This might work for recordings which are studio constructs; for recordings which are intended to be reproductions of the sound heard in a concert hall, I am not convinced.
My standard is (well was, until March...) to go to a concert which is being broadcast on Radio 3, then to re-live the experience via BBC Sounds through my system the following evening. The broadcast, as played at home through omni speakers, often portrays the sound heard live remarkably convincingly. The main difference is usually that the BBC engineers create a sound picture that is even more persuasive than the one heard from my specific seat. I have tried this experiment repeatedly, booking seats in different parts of the halls I visit regularly, and learned something in the process - mainly that as long as I am in my current listening room I need not bother to think about changing my speakers. As fas as that part of my system is concerned, and for the kind of music I favour, I have arrived at the ideal.
My standard is (well was, until March...) to go to a concert which is being broadcast on Radio 3, then to re-live the experience via BBC Sounds through my system the following evening. The broadcast, as played at home through omni speakers, often portrays the sound heard live remarkably convincingly. The main difference is usually that the BBC engineers create a sound picture that is even more persuasive than the one heard from my specific seat.
Please try listening to the presentation of speakers that you dismiss by theory, you might be surprised. It is a matter of preference as to which is right for the individual listener, but that is best decided by practical listening not theory.
As for the oboe...........I agree with this and said so many times. One likes what one likes regardless of the theory.
Sure, I can't say with certainty that I don't like them until I've listened but I can make an educated guess by combining listening experience of many speakers and theory (and correlation between measurements and listening is possible).

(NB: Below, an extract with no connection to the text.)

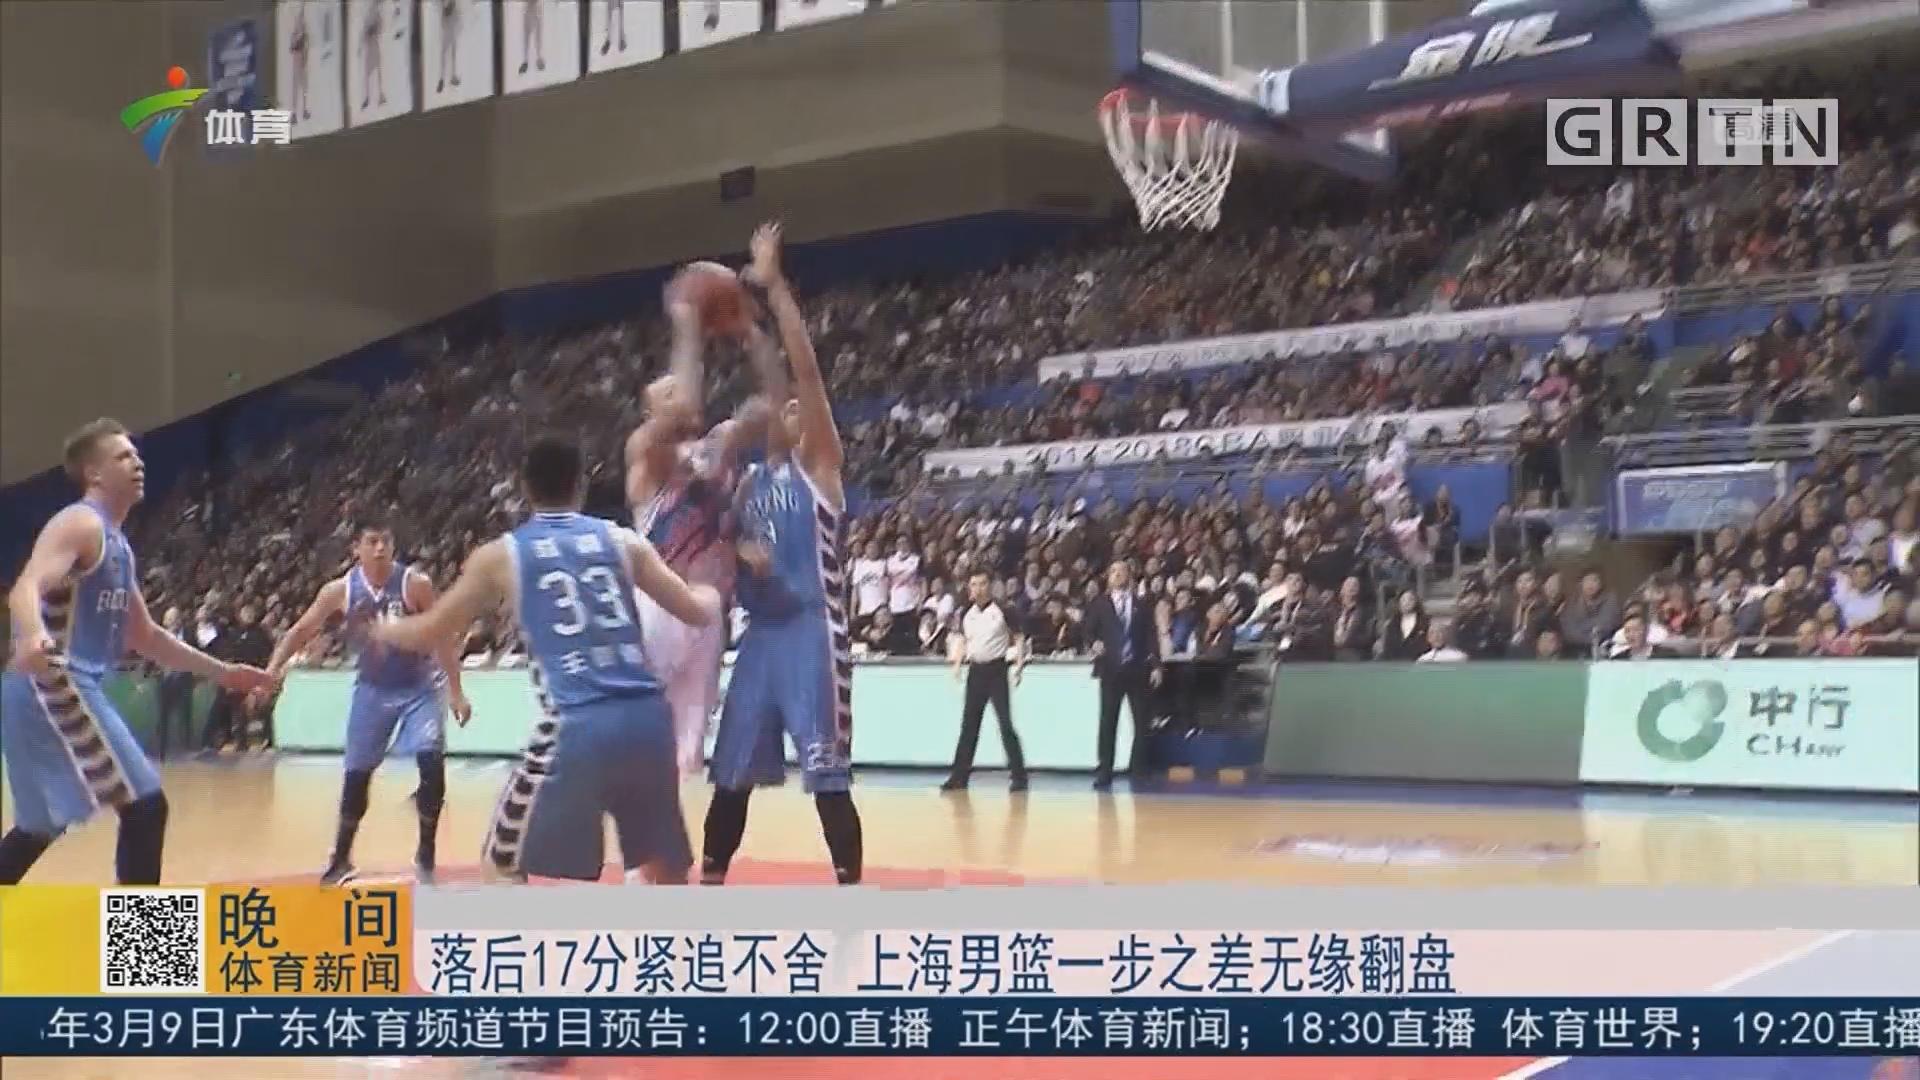 落后17分紧追不舍 上海男篮一步之差无缘翻盘

For me the key issue for a good reference is personal experience. I certainly don't have experience of the studios used in recorded music production so it makes no sense to me to think of their sound as a reference. However I do have quite a lot of (now fading) experience with a large range of concert halls.This might work for recordings which are studio constructs; for recordings which are intended to be reproductions of the sound heard in a concert hall, I am not convinced.
This is how I see it. In my room BBC R3 broadcasts of concerts (largely ones I didn't attend) do, broadly speaking, create reasonably believable windows onto performance spaces I have experienced. Having now eliminated the imperfections that for me impair achieving that reference, in very non-audiophile fashion, I have no desire to go further.My standard is (well was, until March...) to go to a concert which is being broadcast on Radio 3, then to re-live the experience via BBC Sounds through my system the following evening. The broadcast, as played at home through omni speakers, often portrays the sound heard live remarkably convincingly. The main difference is usually that the BBC engineers create a sound picture that is even more persuasive than the one heard from my specific seat. I have tried this experiment repeatedly, booking seats in different parts of the halls I visit regularly, and learned something in the process - mainly that as long as I am in my current listening room I need not bother to think about changing my speakers. As fas as that part of my system is concerned, and for the kind of music I favour, I have arrived at the ideal.
Physically they are both wrong, as any flat baffle is wrong. Hence many speakers having a tilted baffle like a Spica TC50, SBL etc as you want the tweeter and the bass-mid dust-cap (or phase plug) in vertical alignment assuming the crossover isn’t doing too much odd stuff.
The thing that interests me in the 149 vs 3/5A comparison is what exactly the BBC did to electrically time align the LS3/5A as its mid band is extraordinarily good. I have read many comments that phase alignment was part of the brief, but I don’t know how they achieved it. Looking at the speaker suggests they started from quite an odd place given the tweeter is substantially ahead of the B110 dust-cap! My electronics knowledge just isn’t sufficient at this stage to pick apart the crossover differences. Crossovers certainly make or break phase and timing, different order filters shifting phase by different amounts etc, and in far more bizarre ways than simple inversion. I know that the LS3/5A tweeter and bass unit are wired in opposite phase (as say are Tannoys to align the compression horn that is quite a distance behind the cone), but there will be a lot of additional phase angle stuff going on as well, it is always far more complex/flawed than it first appears. Multi-way speakers are by nature hugely flawed things. There is a reason say a Quad ESL 63 sounds so, so different to any multi-driver box, and it certainly isn’t all the box!
According to KEF the modern day active version of LS-50 (which has active filters in the digital domain) does reproduce a decent square wave.